Here, defendant failed to file a posttrial motion after the stipulated bench trial; thus, any factual or legal issues resulting from the first trial were not properly preserved for appeal. Accordingly, since a defense was not preserved, the stipulated bench trial was tantamount to a guilty plea. See Horton, 143 Ill. 2d 11, 570 N.E.2d 320. When a stipulated bench trial is tantamount to a guilty plea, the trial court must admonish the defendant of the consequences of her actions as *439though the proceeding were formally that of a guilty plea. See People v. Stepheny, 56 Ill. 2d 237, 306 N.E.2d 872 (1974).

I have reviewed the transcript of the proceedings in which defendant agreed to the stipulated bench trial and, while the trial court attempted to ensure that the process was knowing and voluntary, I cannot say that defendant was properly admonished pursuant to Supreme Court Rule 402. For example, the trial court failed to tell defendant she was giving up her right to a jury trial if she proceeded in this manner. The instant case presents a unique factual basis. A borderline mentally retarded woman with a 75 IQ, who suffers clinical depression and has auditory hallucinations, was charged with and convicted of the first-degree murder of her infant son. While we previously decided, for purposes of double jeopardy, that the evidence at the first trial supported a finding of guilt on the charge of first-degree murder, another trier of fact could determine that defendant did not have the requisite state of mind to support a conviction for first-degree murder and find instead that defendant is guilty of involuntary manslaughter. After a thorough review of the record, I agree with defendant that what transpired after remand was not a stipulated bench trial but, rather, a guilty plea in which defendant’s valid defenses were not preserved. Accordingly, defendant was entitled to full Rule 402 admonitions. Since the participants were operating under the assumption that the proceeding was a stipulated bench trial, those admonitions were not given.

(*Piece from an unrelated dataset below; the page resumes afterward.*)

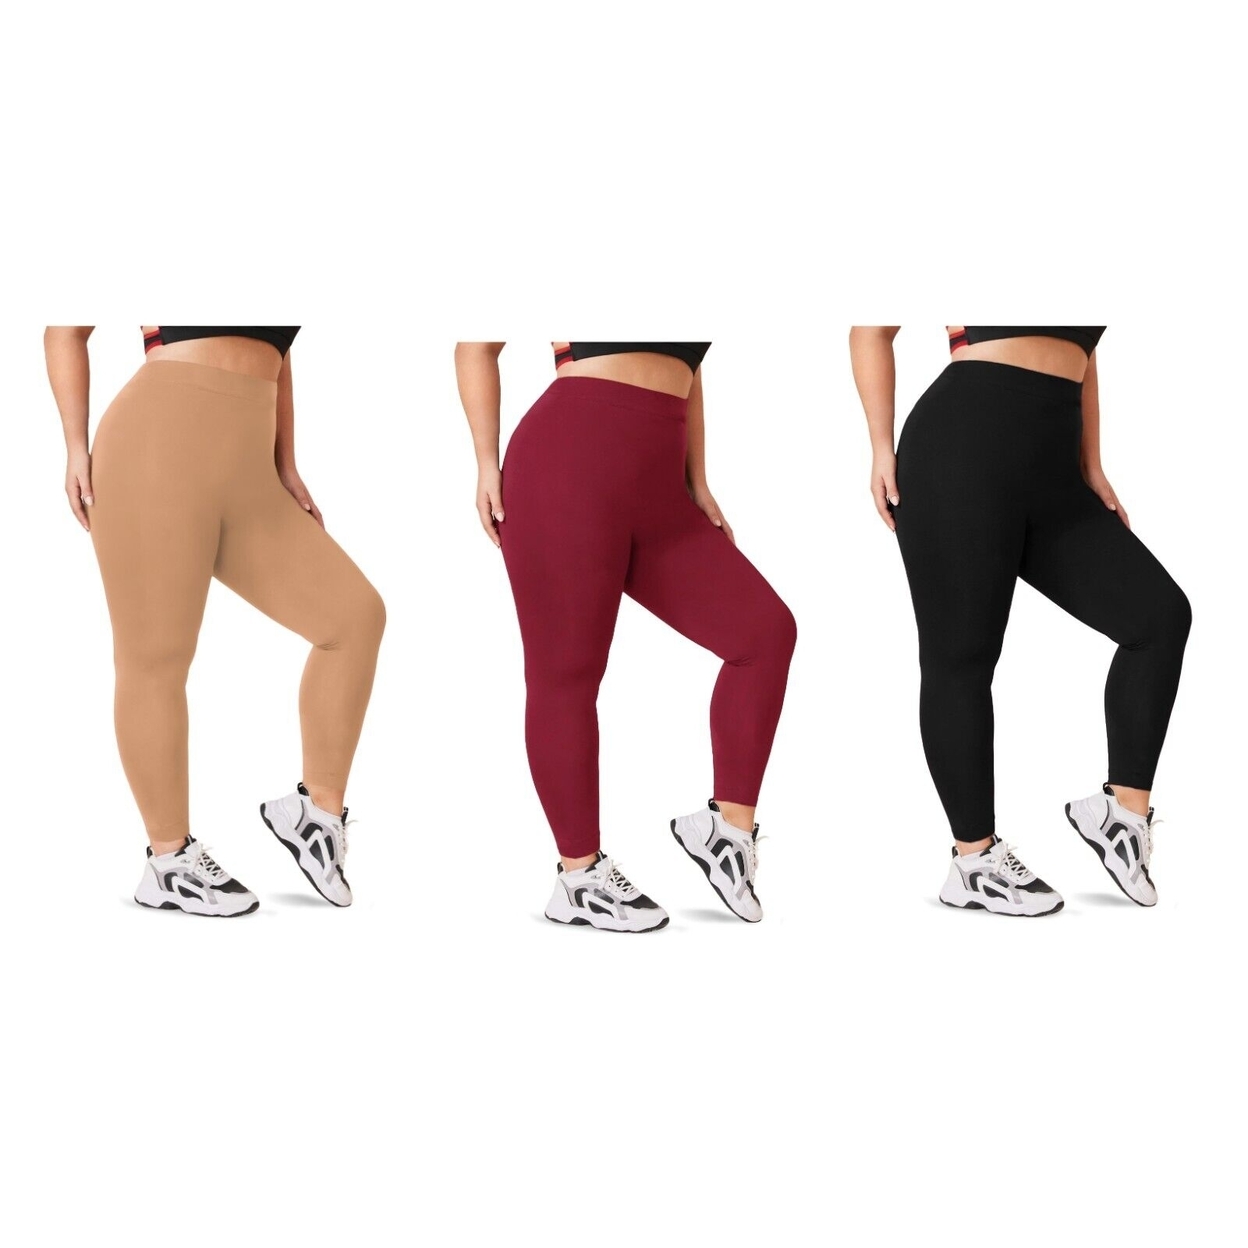 2-Pack: Women's Casual Ultra-Soft Smooth High Waisted Athletic Active Yoga Leggings Plus Size Available - Red & Black, 1x

On this basis, I agree with my colleagues that a reversal and remand is in order for the purpose of having a proceeding that fits into one of several clear categories: either a trial (bench or jury), a stipulated bench trial with effective preservation of claimed errors, or a guilty plea with appropriate admonitions to defendant. I therefore agree with the ultimate disposition of the majority — reversal and remand for further and appropriate proceedings, but I consider that we need not reach the issues upon which my colleagues base their decision.